There is an agreement that the exceptions are dangerous for ICANN’s gTLD policy process which is in a formative and delicate phase. Whenever precedents to the rules are set (RC/IOC decision), it is essential that these precedents are discussed in a very solid process with necessary checks and balances. The major risk, as has happened with the ICANN decision, is when substantive exceptions are discussed through procedural exceptions.
Additional complexity was triggered by jointly discussing the Red Cross and the IOC, which are quite different organisations in their main missions, organisation, and legal status.
The Red Cross emblem and name are at the basis of humanitarian protection. For more than 100 years, the Red Cross emblem has been used to clearly distinguish medical personnel from combatants on battlefields. Today, jeeps and trucks with Red Cross emblems can be seen on the streets of Syrian cities trying to reach people in need of help. The Red Cross movement puts a lot of effort into training soldiers and the general public on the relevance of the proper use of the Red Cross emblem. Apart from an ethical rationale, the Red Cross often argues that support for its mission is a useful ‘insurance investment’. All of us, particularly in increasingly uncertain times, may benefit from Red Cross protection in conflict or humanitarian crises.

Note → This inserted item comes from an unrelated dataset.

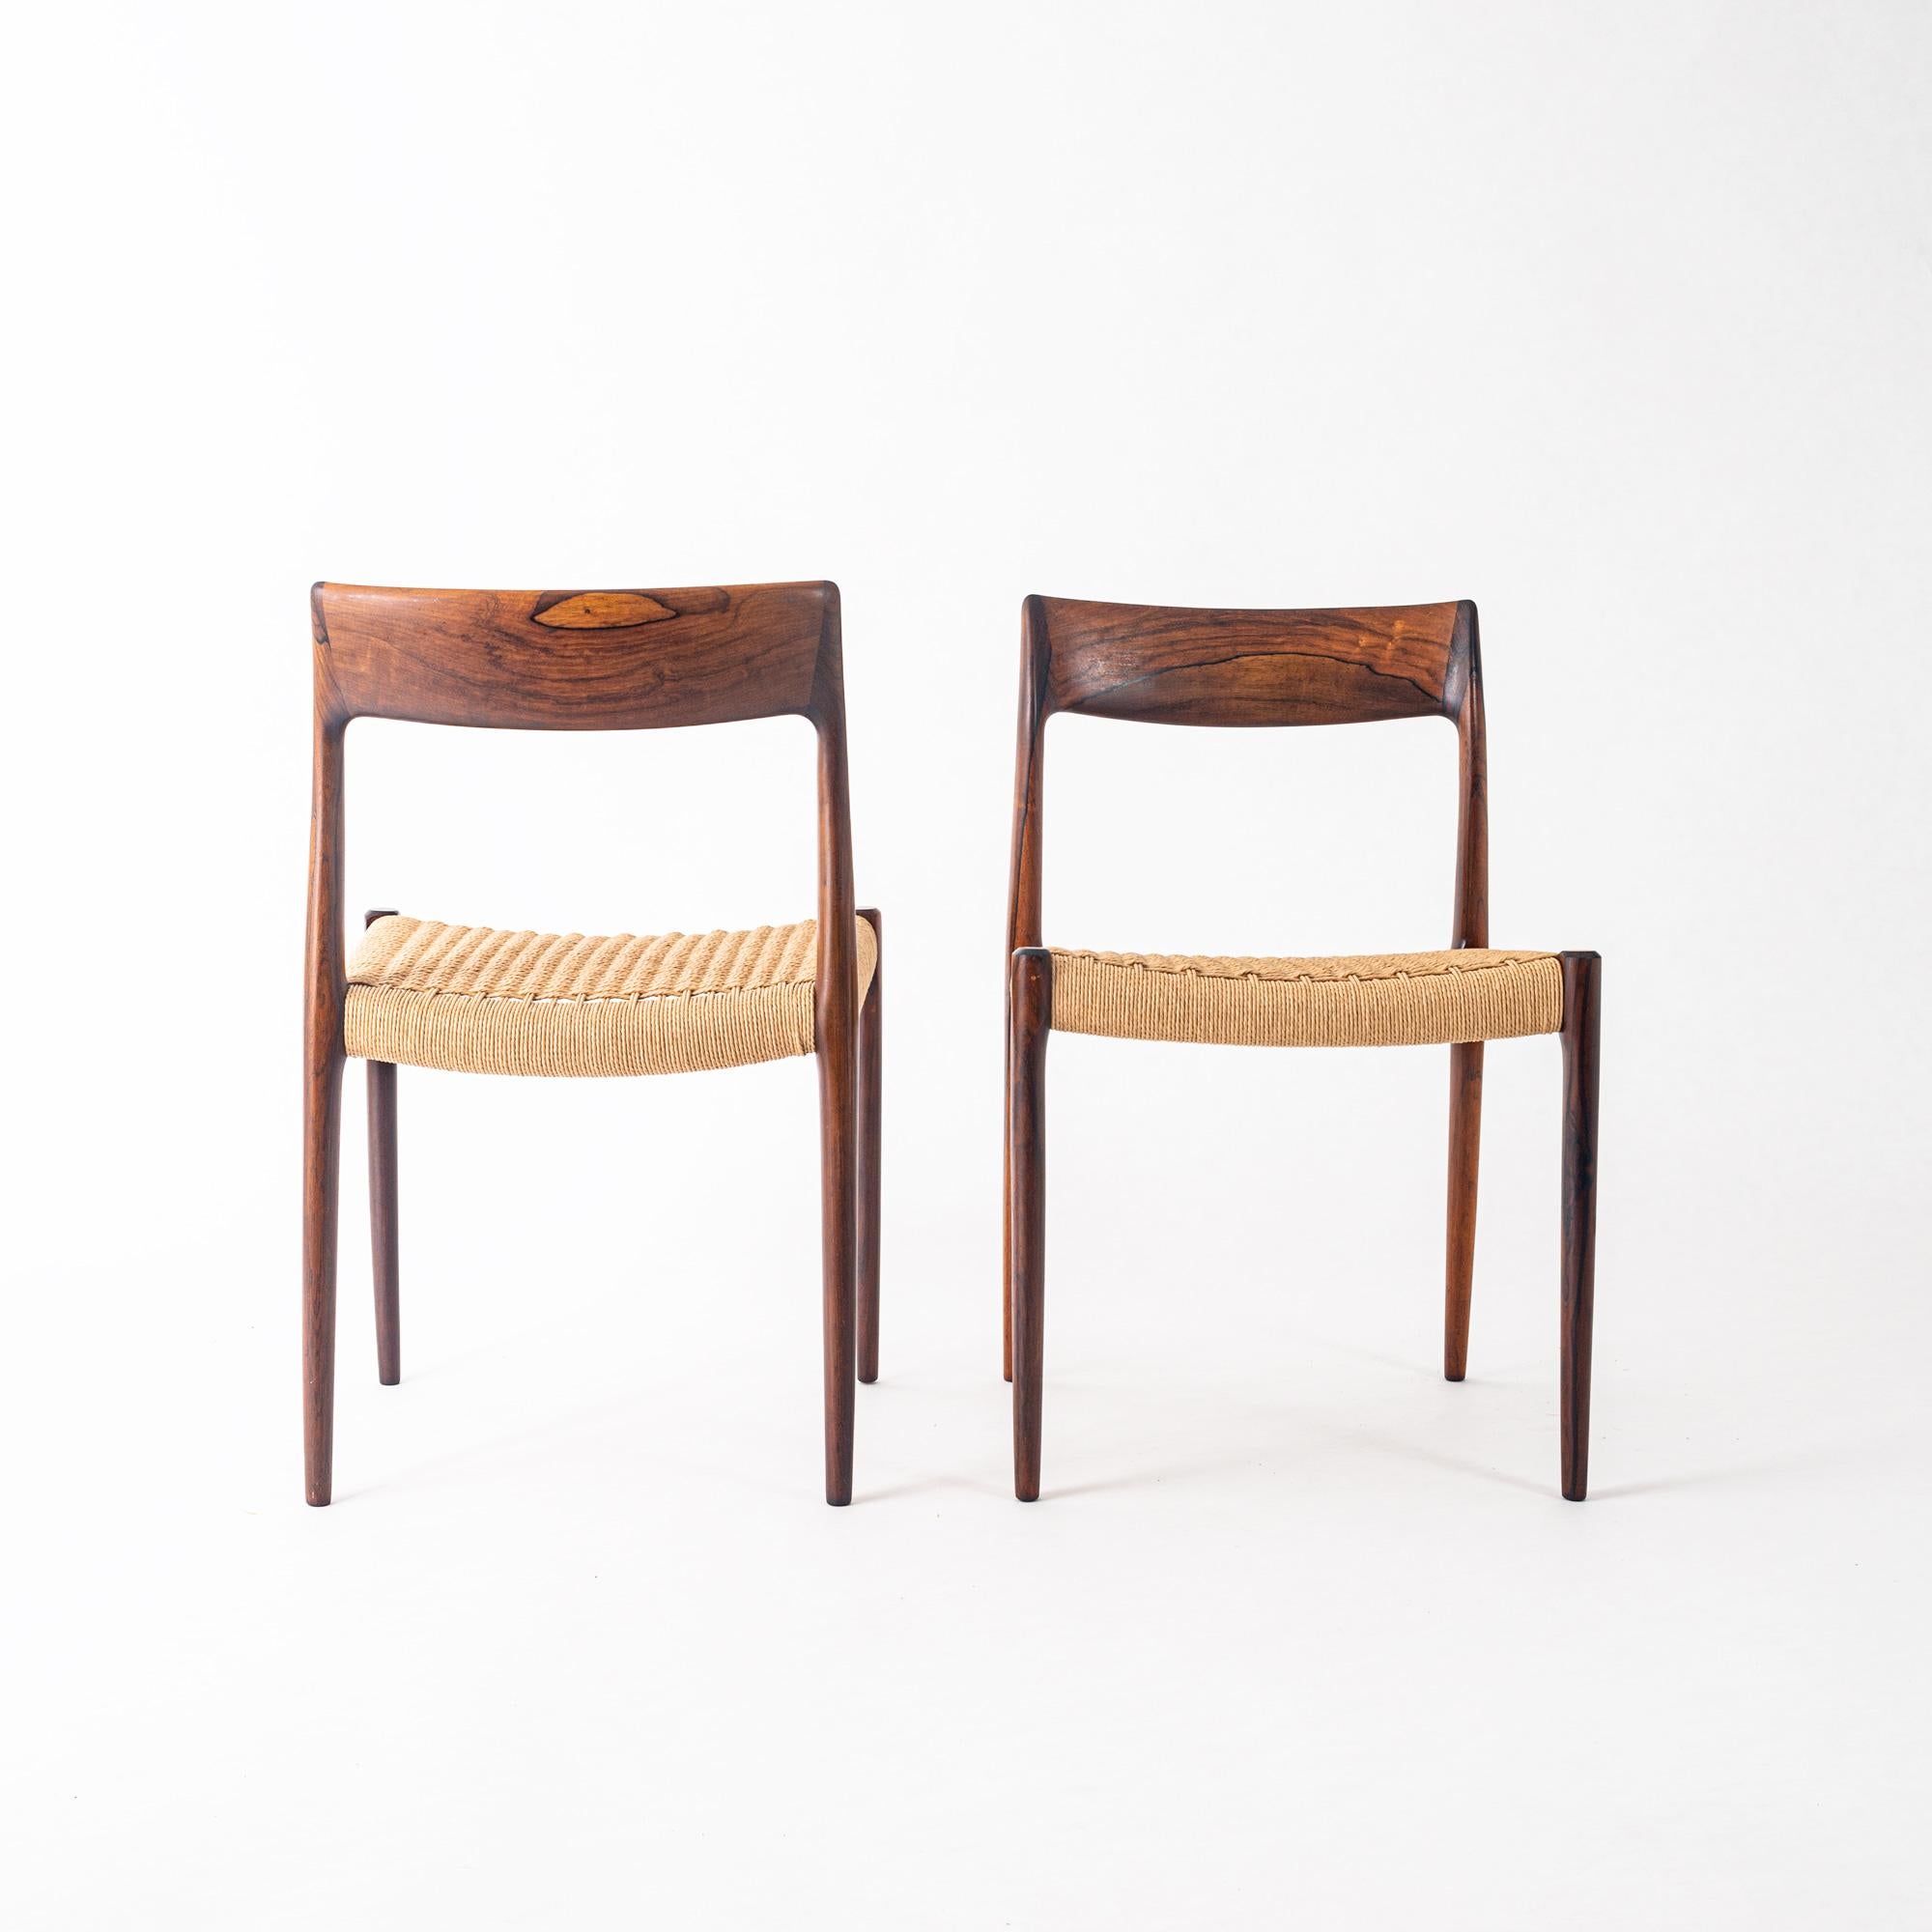 Set of 8 Brazilian rosewood dining chairs designed by Niels O. Moller for J.L. Moller Mobelfabrik, Denmark, 1959. Newly refinished and papercorded seats, the makers mark is on the bottom of each chair. Each chair has unique wood grains, a beautiful

The importance of the Red Cross emblem/name for its core function has led to very strong protection in both international and national law. It is protected by the Geneva Convention, which is signed by 194 states and supported by the global public. Protection of the Red Cross emblem/name is incorporated in national laws through the Red Cross legislation. In order to ensure additional protection, many countries, such as Canada, provide private law protection by treating the Red Cross emblem/name as a trademark. One of the reasons for additional trademark protection is practicality. Trademark protection has well-established procedures.
The status of the Red Cross emblems and names is exceptional for historical, legal, and humanitarian reasons.
Other intergovernmental organisations cannot use the Red Cross protection as a precedent for requesting the same status in ICANN’s domain name space. At international level, there is a quite stretched legal construction for special protection of inter-governmental organisations based on Article 6 of the Paris Convention for the Protection of Industrial Property and other related treaties (see: an excellent analysis by K. Komatis).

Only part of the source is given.